The BSE Sensex snapped a three-day slide on Tuesday as investors bet the Reserve Bank of India (RBI) will indicate a shift in its inflation-focused policy stance to support growth after industrial output shrank for the first time in more than two years.

The RBI is widely expected to pause its tightening cycle when it reviews policy on Friday, after raising interest rates 13 times since early 2010 to fight stubborn inflation.

"There are high expectations that the credit policy will at least signal an interest rate reduction, if not an actual reduction," said Deven Choksey, chief executive and managing director of brokerage K.R. Choksey.

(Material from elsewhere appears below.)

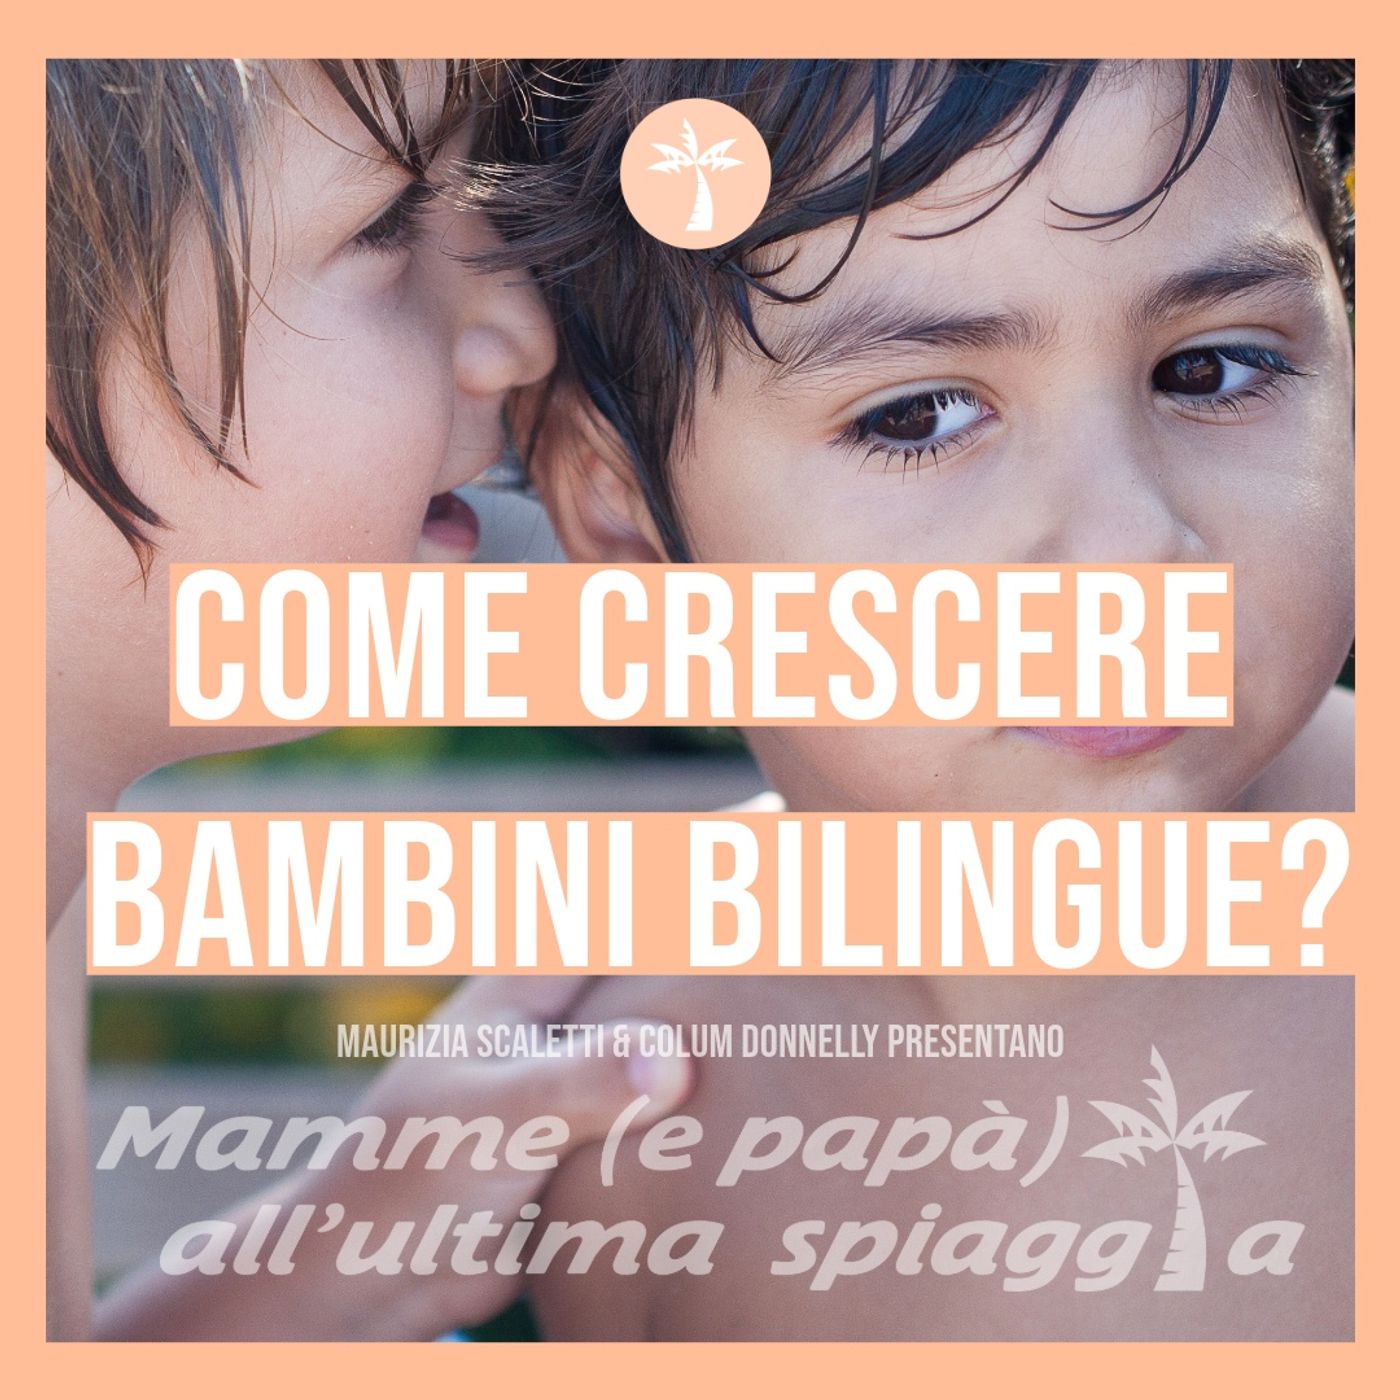 S03 e04 Come crescere bambini bilingue?

The 30-share BSE index, or Sensex, closed up 0.83 per cent, or 132.16 points, at 16,002.51, after falling nearly 6 percent over the past three sessions.

The outlook for the benchmark, which is one of the world's worst performers this year having lost 22 percent, remains bearish.

"We saw a minor recovery because of a technical pullback," said Alex Mathews, head of research at Geojit BNP Paribas Financial Services.

"However, fundamental macro indicators are still giving a negative outlook for the market in the medium term. Going forward we may see further downfall," he said.

Energy major Reliance Industries, which has the heaviest weight on the main index, rebounded 2 percent and led the gains. The stock, however, is down 29.8 percent this year on falling gas output from its fields off India's east coast.

Software services bellwether Infosys, which gets more than half its revenue from the United States, rose 0.4 percent as a slump in the rupee to record lows was seen as boosting the company's earnings.

The rupee fell to as low as 53.52 to the dollar, taking losses to about 18 percent from its year-high in July, on worries shrinking domestic factory output and Europe's debt crisis could dampen risk appetite.

Data on Monday showed October industrial output slumped 5.1 percent, the first drop in more than two years, building pressure on the central bank to ease monetary or liquidity conditions.

On Friday, India slashed its full-year growth forecast amid slowing domestic and global demand and officials warned the government was facing a serious balance of trade problem.

Engineering conglomerate Larsen and Toubro, which could be hit by a slump in capital goods investment, fell 2.1 per cent.

In the broader market, losers led gainers 868 to 551 on total volume of 561.2 million shares.

The 50-share NSE index ended up 0.76 percent at 4,800.60, while the MSCI's broadest index of Asia Pacific shares outside Japan was down 1.11 percent by 1054 GMT.